Level 2: Summary Indexing
Basic RAG fails when a single chunk doesn't contain enough context. Summary indexing creates higher-level summaries that capture the "big picture."
def create_summary_index(chunks: List[Dict], group_size: int = 5) -> List[Dict]:
"""Group chunks and create summaries for each group."""
summary_index = []
for i in range(0, len(chunks), group_size):
group = chunks[i:i+group_size]
combined_text = "\n\n".join([c['text'] for c in group])
# Generate summary using Claude
response = anthropic_client.messages.create(
model="claude-3-haiku-20240307",
max_tokens=512,
system="Summarize the following text, preserving key information and relationships between concepts.",
messages=[{"role": "user", "content": combined_text}]
)
summary_index.append({
'summary': response.content[0].text,
'original_chunks': group,
'chunk_indices': list(range(i, min(i+group_size, len(chunks))))
})
return summary_index
Hybrid Retrieval Strategy
def hybrid_retrieve(query: str, vector_db: InMemoryVectorDB, summary_index: List[Dict], k: int = 3) -> List[str]:
"""Retrieve from both chunk-level and summary-level indices."""
# Get chunk-level results
chunk_results = vector_db.search(query_embedding, k=k)
# Get summary-level results
summary_results = summary_vector_db.search(query_embedding, k=2)
# Combine and deduplicate
all_chunks = []
seen = set()
for doc, _, _ in chunk_results:
if doc not in seen:
all_chunks.append(doc)
seen.add(doc)
for summary in summary_results:
for chunk in summary['original_chunks']:
if chunk['text'] not in seen:
all_chunks.append(chunk['text'])
seen.add(chunk['text'])
return all_chunks[:k]
Level 3: Re-Ranking with Claude
Re-ranking uses Claude to evaluate the relevance of retrieved chunks before generating the final answer.
def rerank_with_claude(query: str, candidates: List[str], top_k: int = 3) -> List[str]:
"""Use Claude to re-rank retrieved chunks by relevance."""
# Prepare chunks for evaluation
chunk_text = "\n\n---\n\n".join([
f"CHUNK {i+1}:\n{chunk}"
for i, chunk in enumerate(candidates)
])
response = anthropic_client.messages.create(
model="claude-3-haiku-20240307",
max_tokens=256,
system="You are a relevance evaluator. Rank the following chunks by their relevance to the query. Return the chunk numbers in order of relevance, separated by commas.",
messages=[{
"role": "user",
"content": f"Query: {query}\n\n{chunk_text}\n\nReturn the chunk numbers ranked by relevance (most relevant first):"
}]
)
# Parse the ranked chunk numbers
ranked_indices = [
int(x.strip()) - 1
for x in response.content[0].text.split(',')
if x.strip().isdigit()
]
return [candidates[i] for i in ranked_indices[:top_k]]
Results: Before and After
After implementing summary indexing and re-ranking, we achieved significant improvements:
| Metric | Basic RAG | Advanced RAG |
|---|---|---|
| Avg Precision | 0.43 | 0.44 |
| Avg Recall | 0.66 | 0.69 |
| Avg F1 Score | 0.52 | 0.54 |
| Avg MRR | 0.74 | 0.87 |
| End-to-End Accuracy | 71% | 81% |
Production Considerations
- Rate Limits: Full evaluations can hit rate limits. Use Tier 2+ API access for large-scale testing.

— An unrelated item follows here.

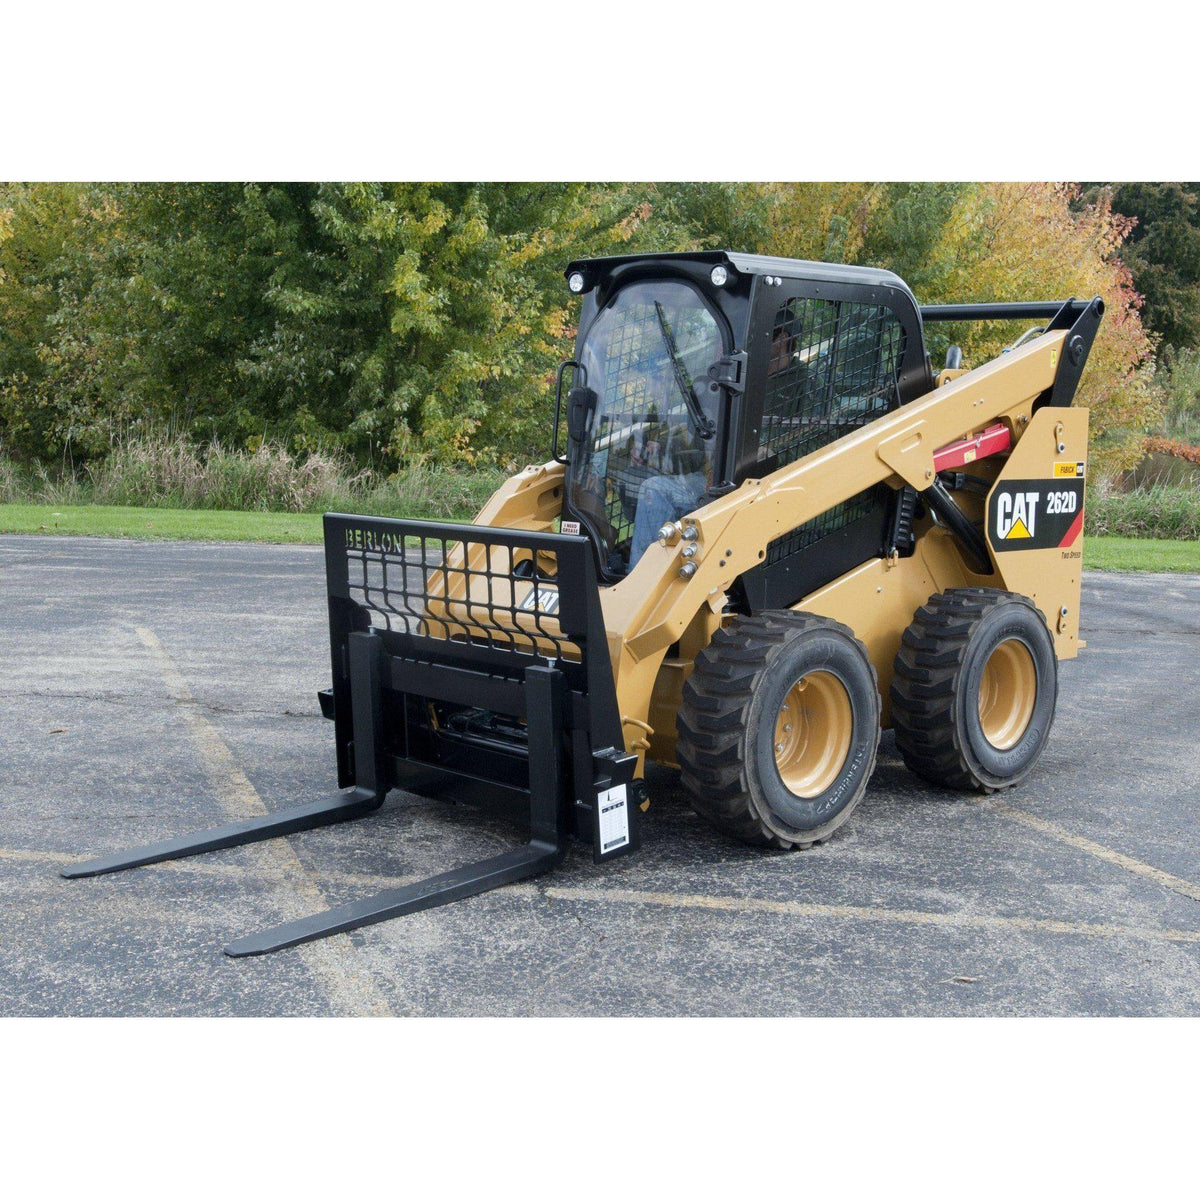 cat skid steer ready to action with the berlon class 2 pallet fork
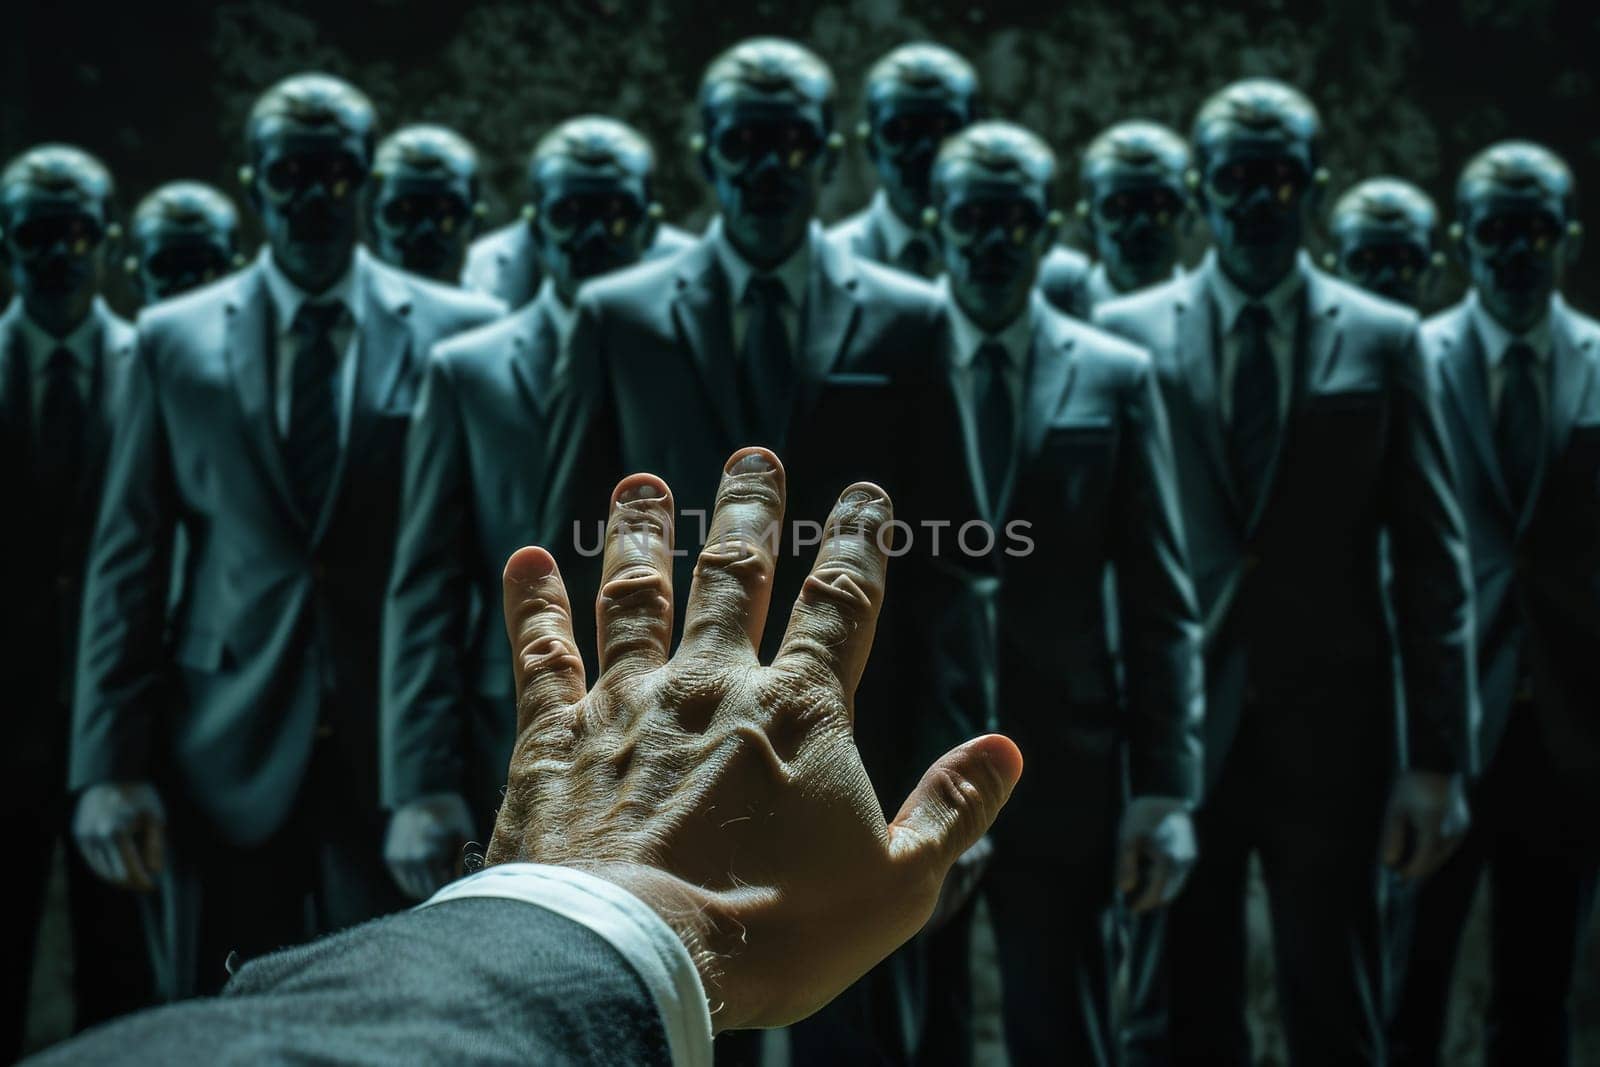 A hand is reaching out to a group of people in suits. Concept of unity and collaboration among the group

- Cost Management: Summary indexing and re-ranking add token costs. Balance quality improvements against budget.
- Vector Database: Replace the in-memory store with Pinecone, Weaviate, or Chroma for production.
- Chunking Strategy: Experiment with different chunk sizes and overlap percentages.
- Caching: Cache embeddings and common queries to reduce API calls.
Key Takeaways
- Evaluate retrieval and generation separately to identify bottlenecks in your RAG pipeline. Basic RAG often fails at retrieval, not generation.
- Summary indexing bridges the gap between granular chunks and high-level concepts, improving recall for complex questions.
- Re-ranking with Claude significantly improves MRR, ensuring the most relevant context appears first in your prompt.
- End-to-end accuracy improved by 10% (71% → 81%) through these optimizations, proving that better retrieval directly improves answer quality.
- Build your evaluation dataset first before optimizing. Without ground truth data, you're optimizing blindly.